§ **DATA EXCERPT**:
§ §

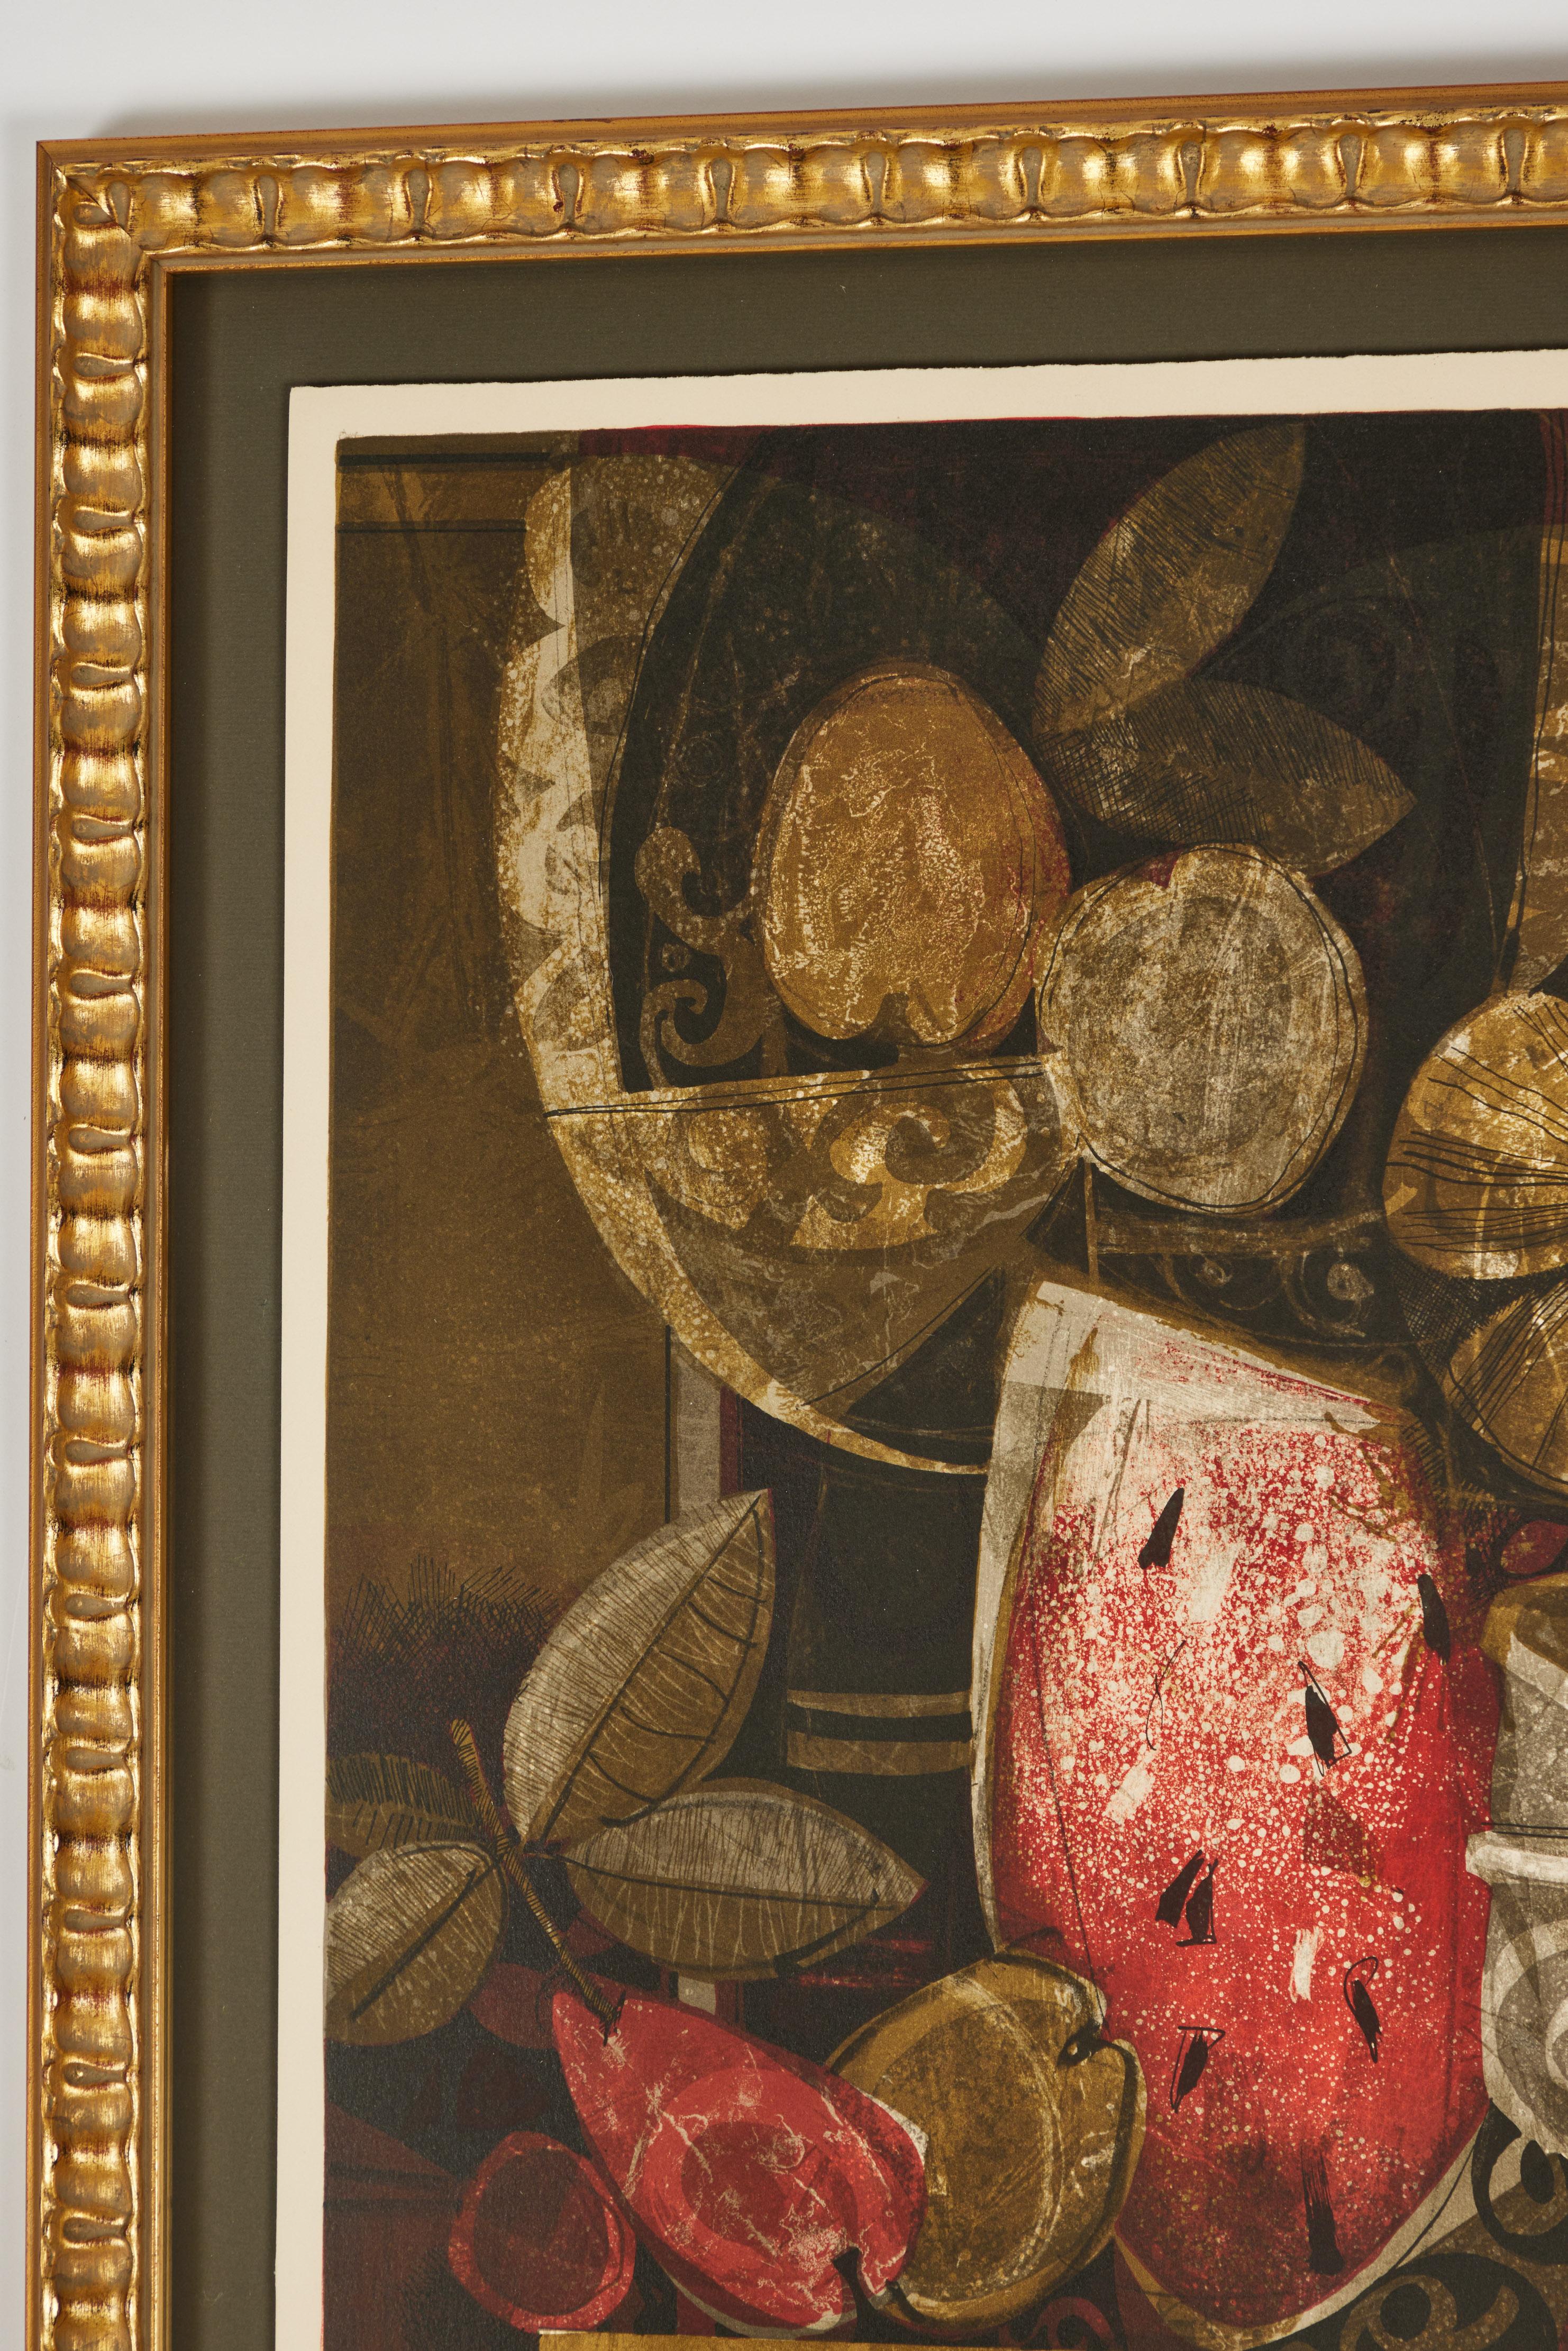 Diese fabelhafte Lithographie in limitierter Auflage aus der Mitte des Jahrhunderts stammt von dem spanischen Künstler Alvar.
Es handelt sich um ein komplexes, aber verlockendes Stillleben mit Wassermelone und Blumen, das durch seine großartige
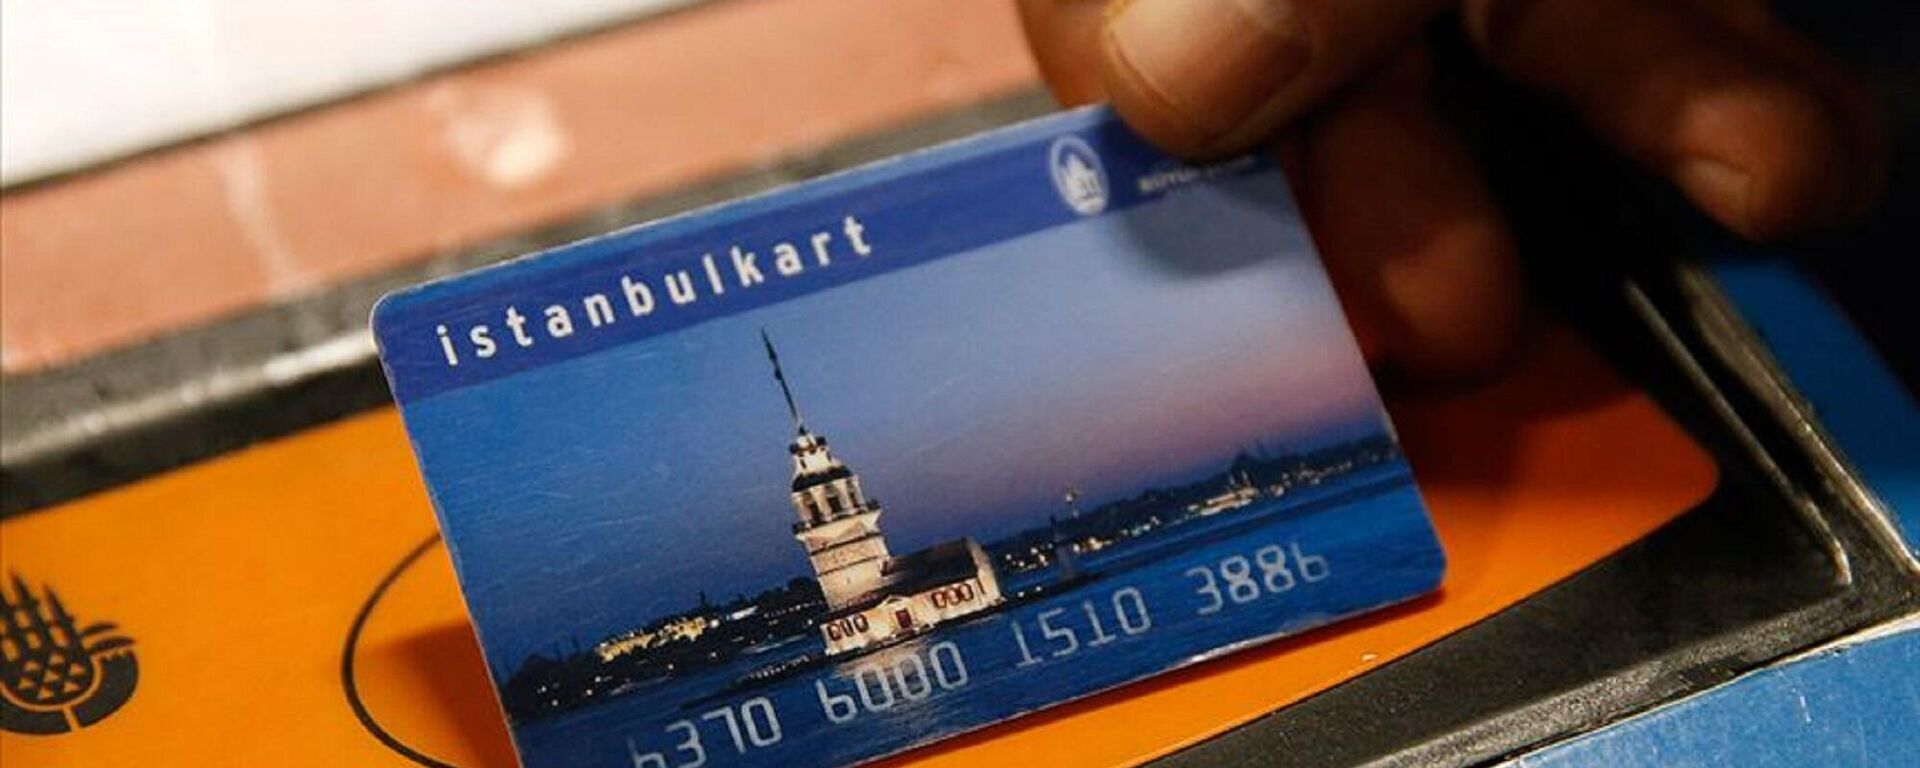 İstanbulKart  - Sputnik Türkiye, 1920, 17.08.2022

§ §

§ **TASK OBJECTIVE**: Leave out the pictures and copy the rest of the material above exactly.

§ **EXERCISE SOLUTION**:
 Diese fabelhafte Lithographie in limitierter Auflage aus der Mitte des Jahrhunderts stammt von dem spanischen Künstler Alvar.
Es handelt sich um ein komplexes, aber verlockendes Stillleben mit Wassermelone und Blumen, das durch seine großartige
 İstanbulKart  - Sputnik Türkiye, 1920, 17.08.2022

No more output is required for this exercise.